By reasonably simplifying the stress wave, a simplified model for the reciprocity between the plane p-wave and the circular anchoring roadway is built. Based on a typical case, through analyzing such remarkable parameters as radial stress of deep surrounding rock, tangential stress of roadway surface, radial displacement of roadway surface and radial displacement difference between deep surrounding rock and roadway surface, the strategic locations of support are confirmed, the force mechanism of bolt is deduced, and the corresponding failure patterns and failure criteria are put forward. The results show that the side facing the stress wave and the lateral position are the strategic locations of support. It is found that: (1) The total stress of bolt on the side facing the stress wave is the superposition of static axial stress, dynamic stress of bolt vibration and subsidiary stress caused by the surrounding rock deformation under dynamic load. Under the strong impact, a single instantly destroyed destruction will occur, the surrounding rock is pressed to fracture and the loose bolts lose the reinforcement. Under the cyclic weak impact, the pressed surrounding rock is gradually damaged to fracture, and that the bolt is loose owing to being pressed and straightened repeatedly intensifies the fracture of the surrounding rock further.
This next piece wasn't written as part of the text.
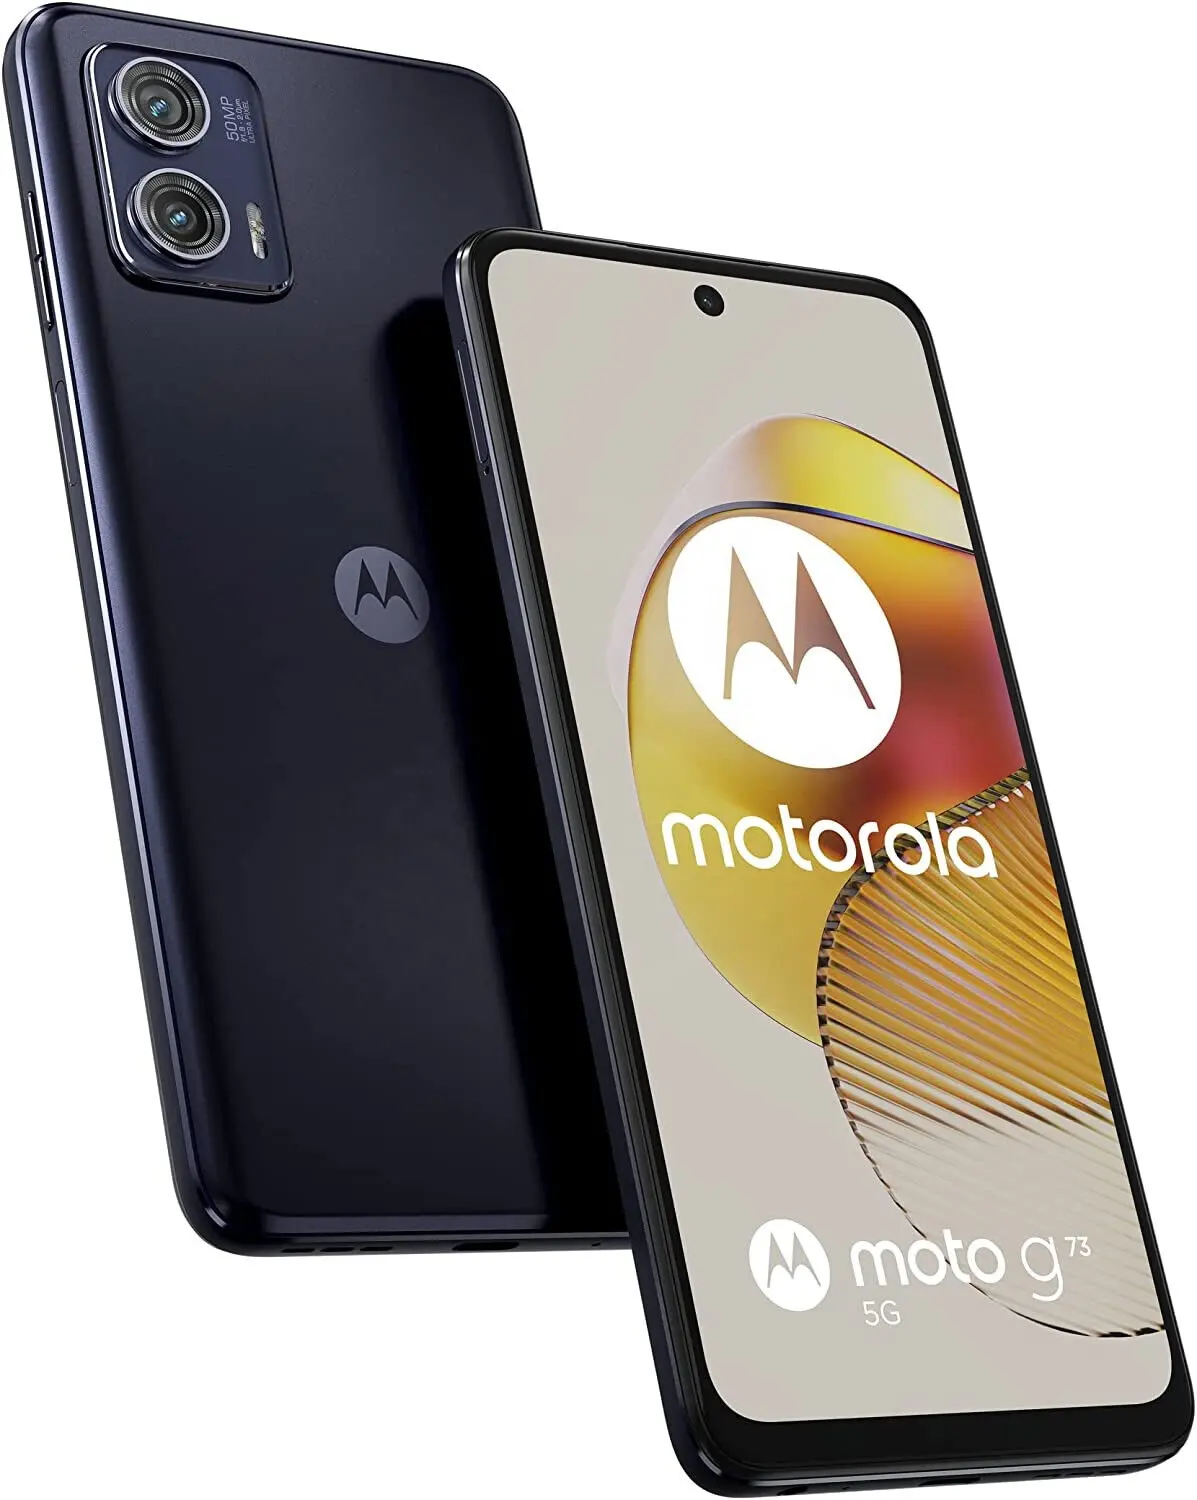 Mobile remis à neuf MOTOROLA g73 5G USCTORY DEVERROCKED DUAL SIM NFC 4GB RAM 128GB 5000mAh smart mobile version mondiale

When the strength of the load-bearing arch is decreased to a certain value, a weak impact can induce the burst failure of roadway; and (2) The total stress of the bolt at the lateral position is the composition of the static axial stress and the subsidiary stress caused by the surrounding rock deformation under the dynamic load. The bolt here is being subjected to tension, so tensile failure will occur under the strong impact. The results of similar simulation experiments are consistent with the theoretical ones, indicating that the theoretical analysis can be a significant guidance for engineering practice.